# Your assignment
Retype the listing below line for line, but only from the line with "光大xyk支付有30-20-惠小助(52huixz.com)" down to the line with "Buy Nanette Lepore", inclusive. Pictures stay out.

-- Dataset follows --

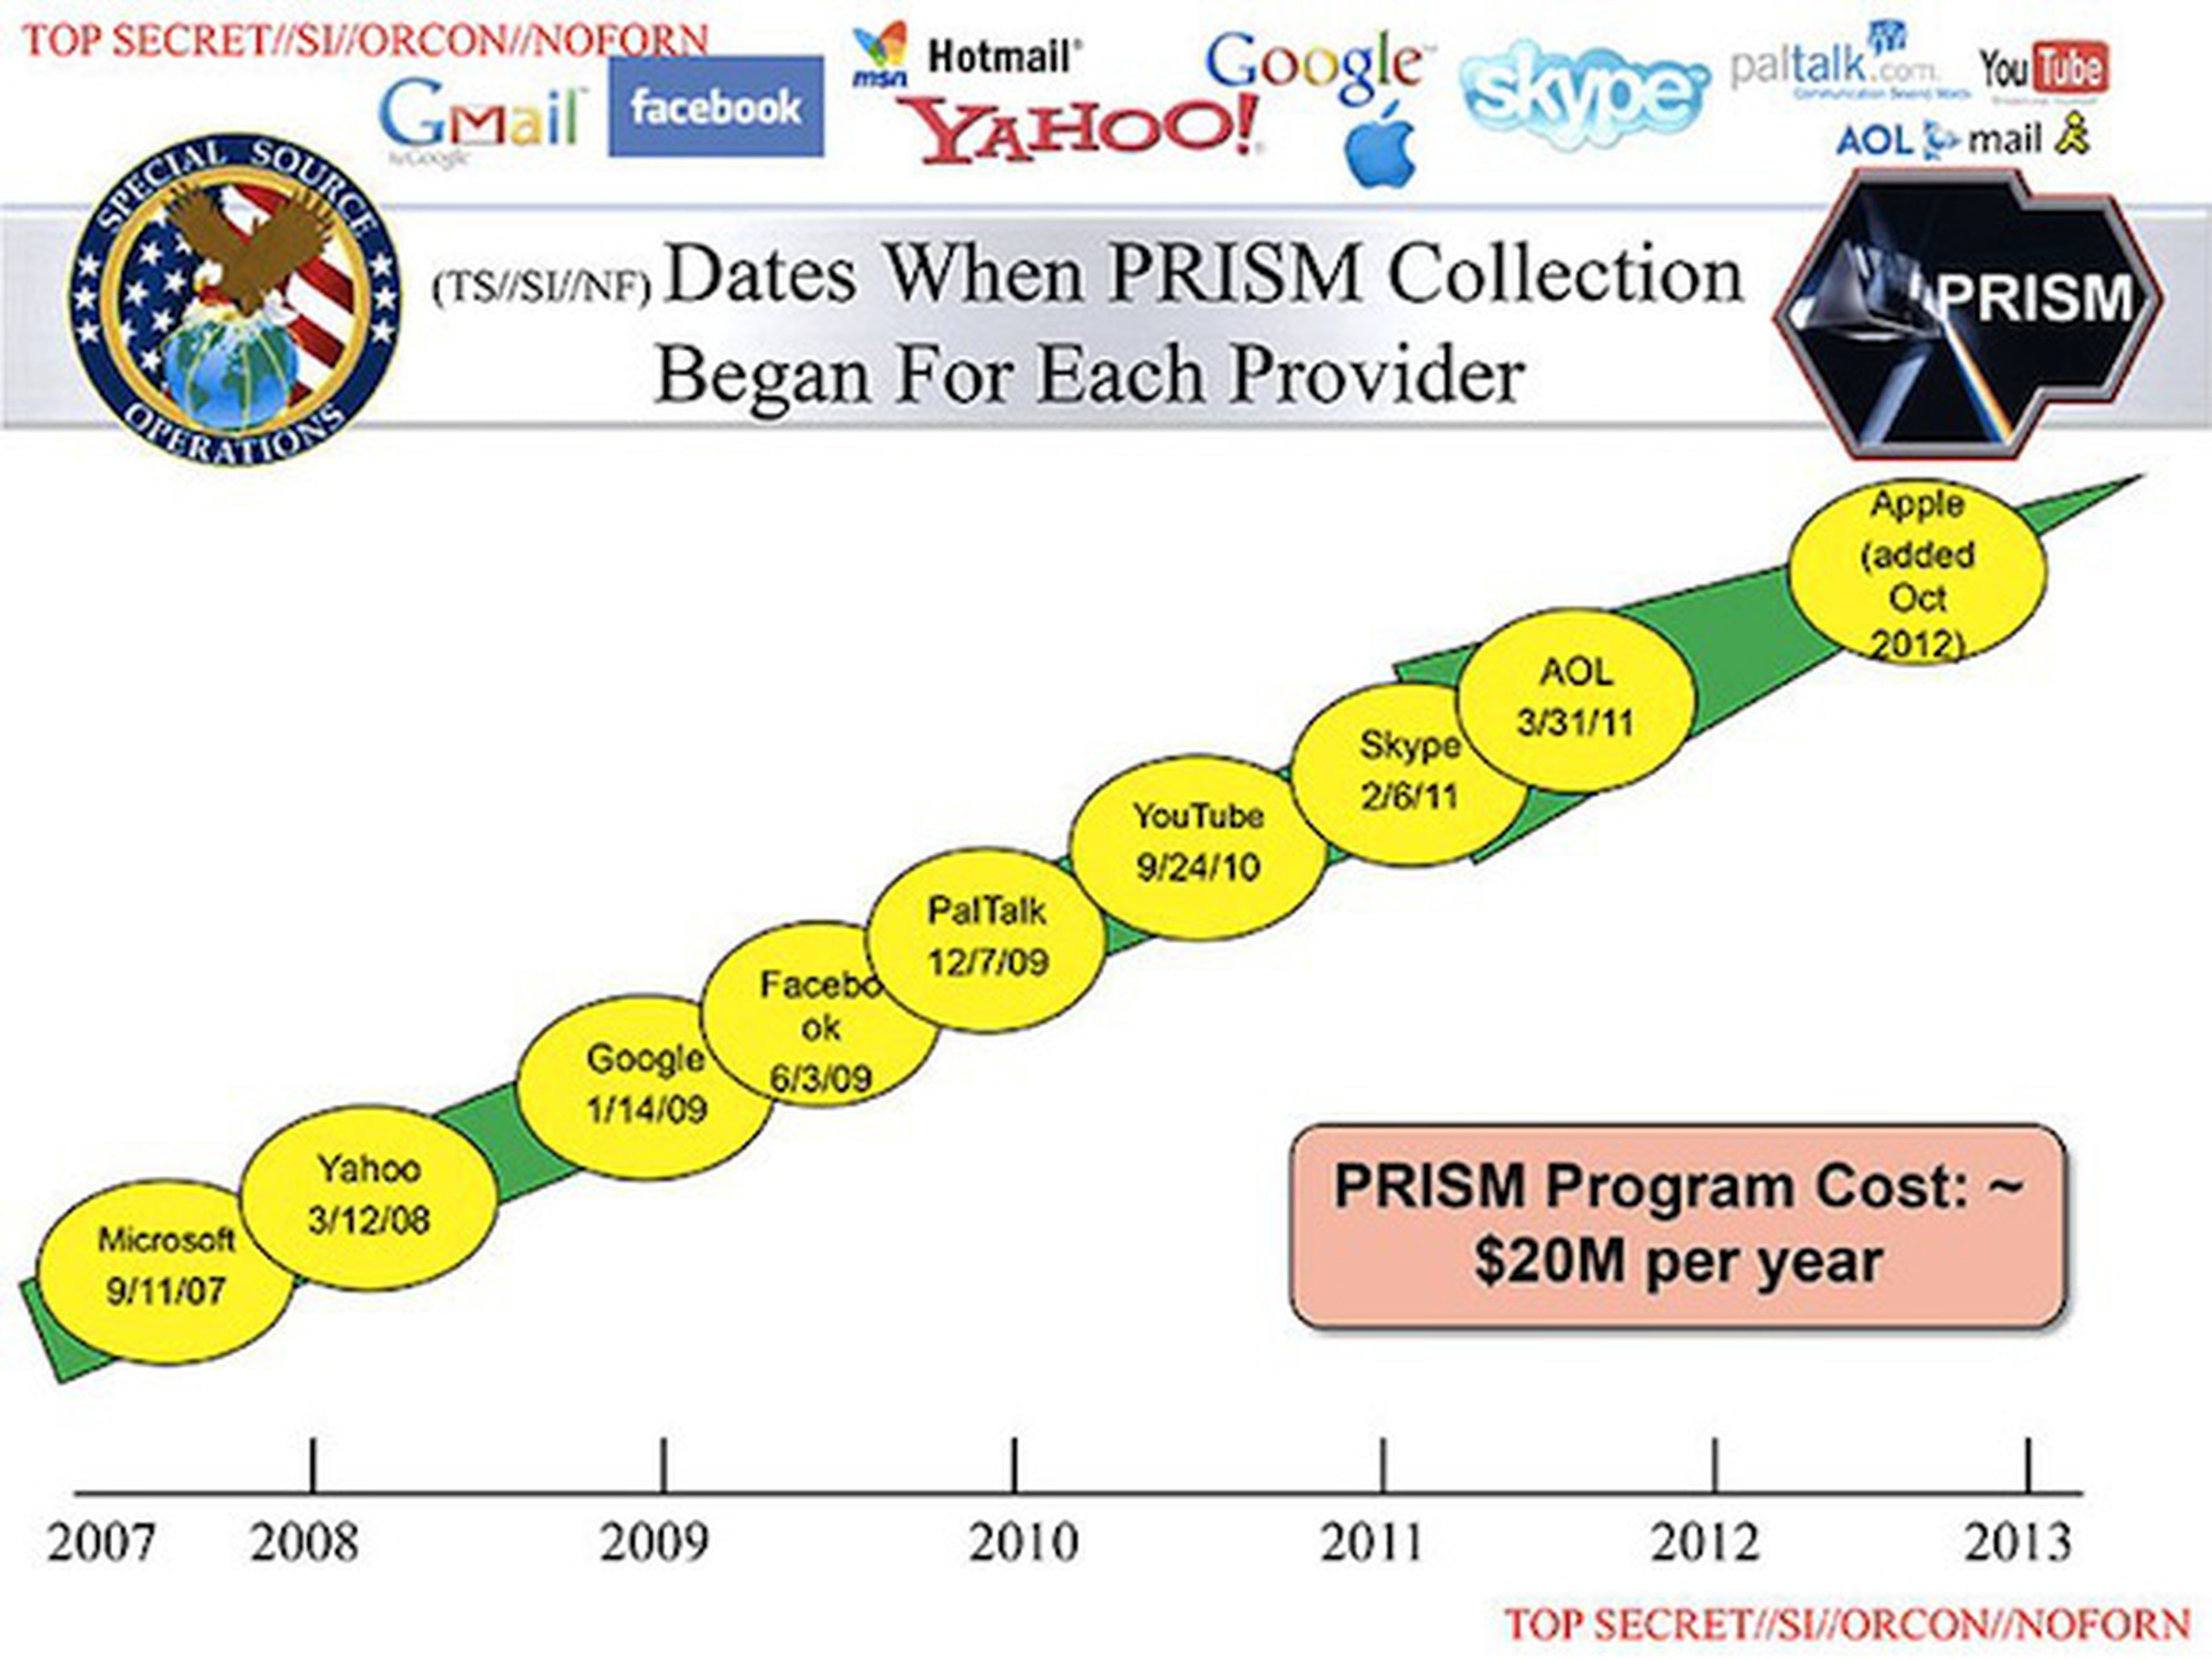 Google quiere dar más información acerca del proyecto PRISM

-- Dataset concluded --
-- Dataset follows --

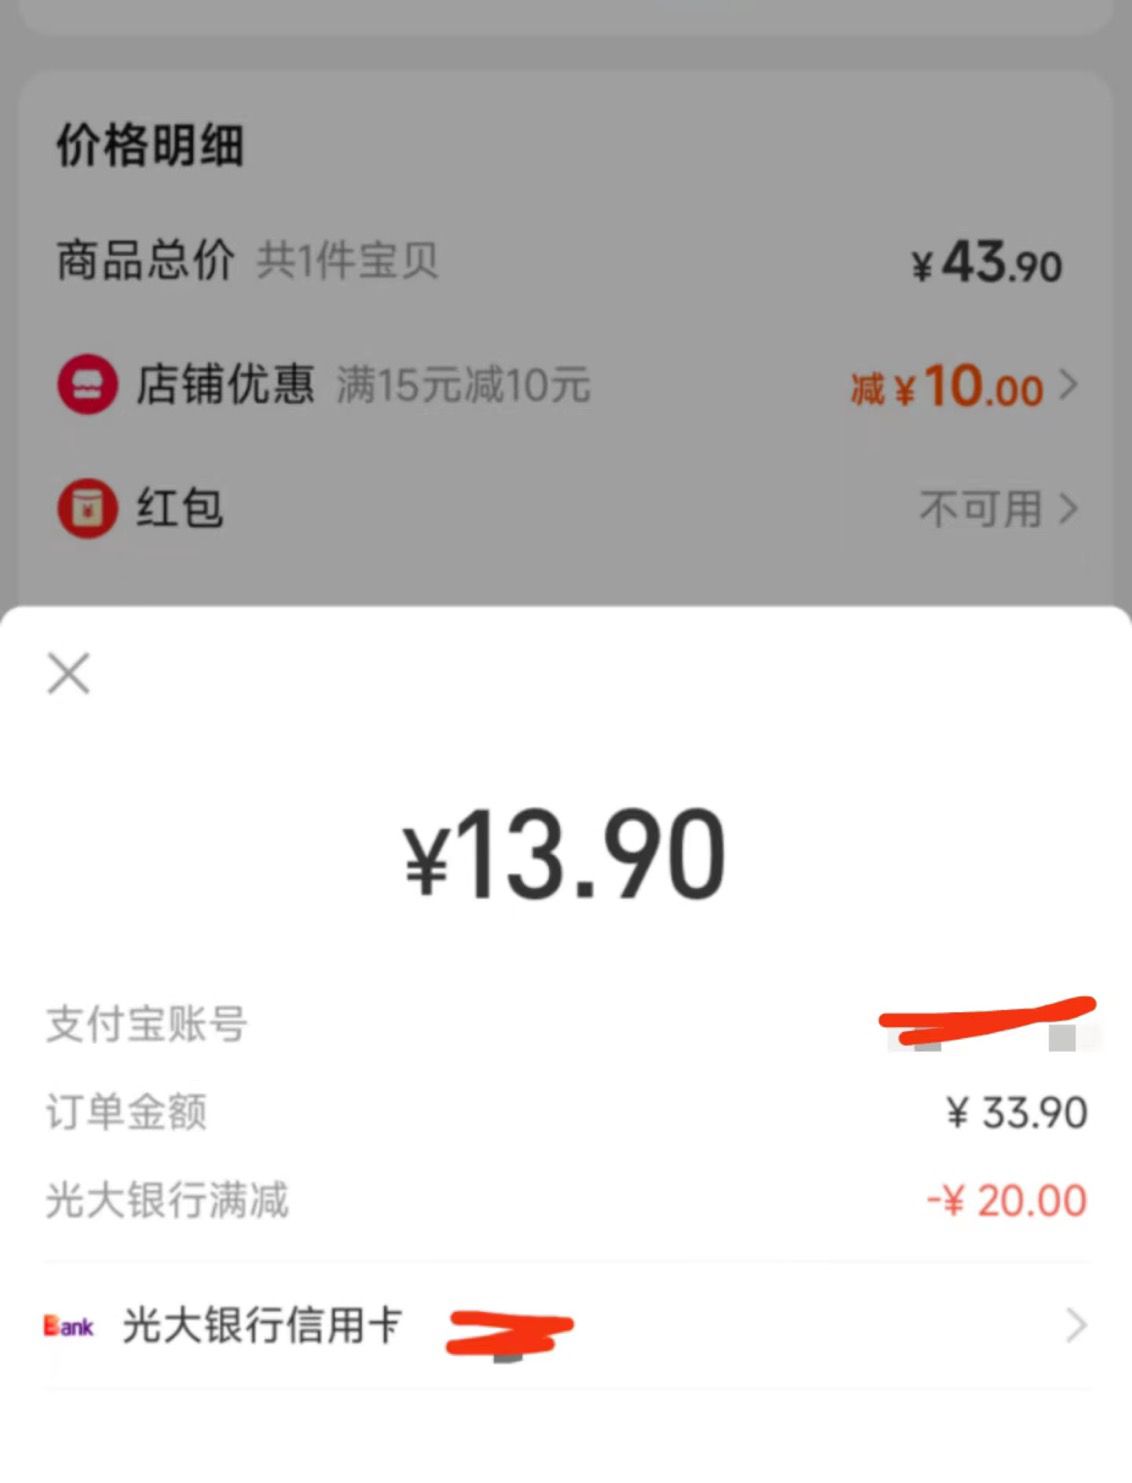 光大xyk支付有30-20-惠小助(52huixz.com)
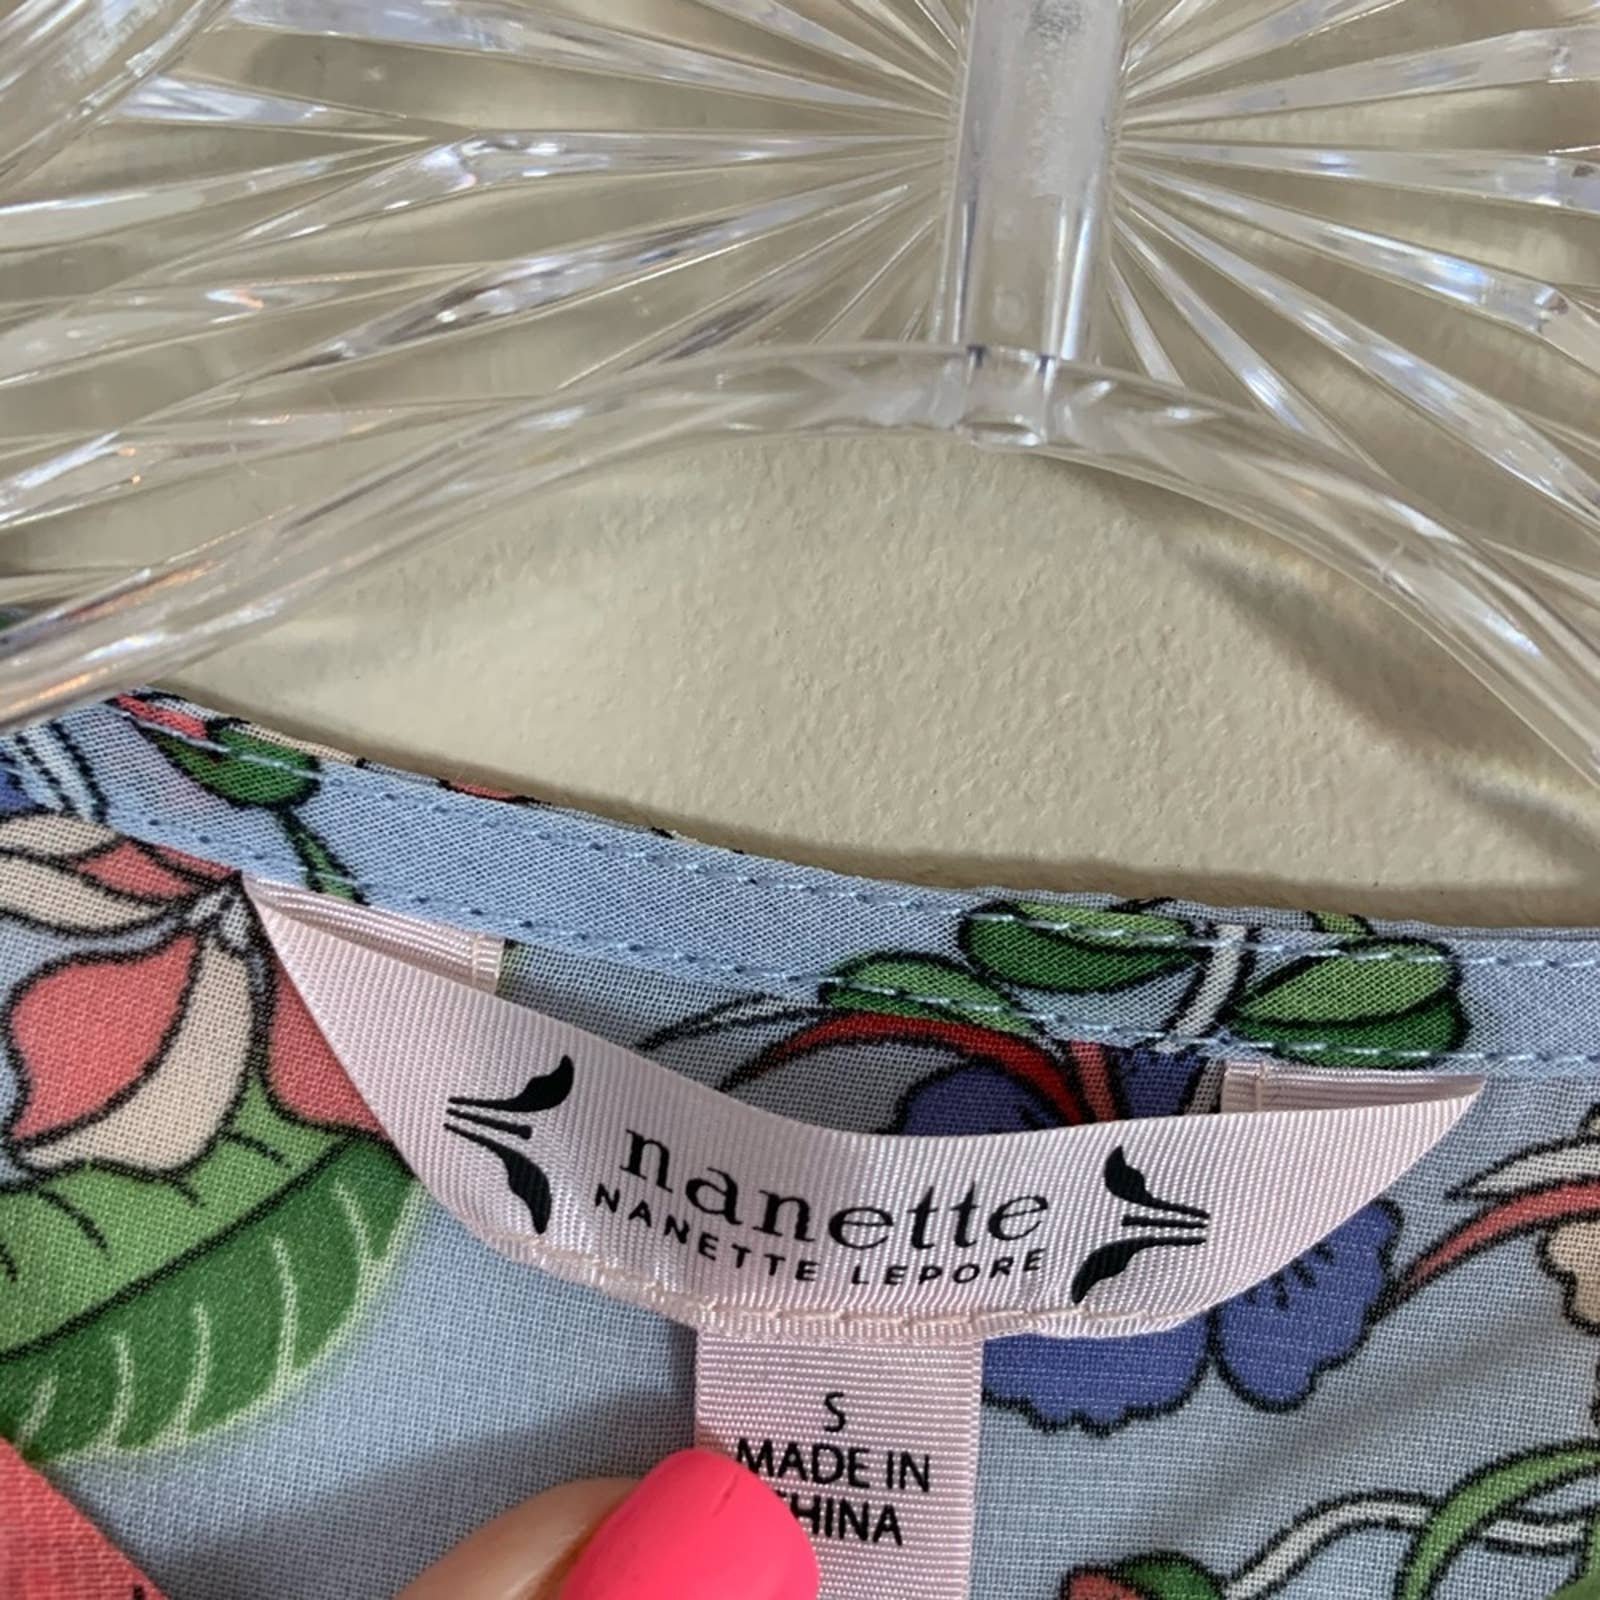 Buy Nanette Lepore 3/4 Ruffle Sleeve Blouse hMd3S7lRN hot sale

-- Dataset concluded --

# Task answer
 光大xyk支付有30-20-惠小助(52huixz.com)
 Buy Nanette Lepore 3/4 Ruffle Sleeve Blouse hMd3S7lRN hot sale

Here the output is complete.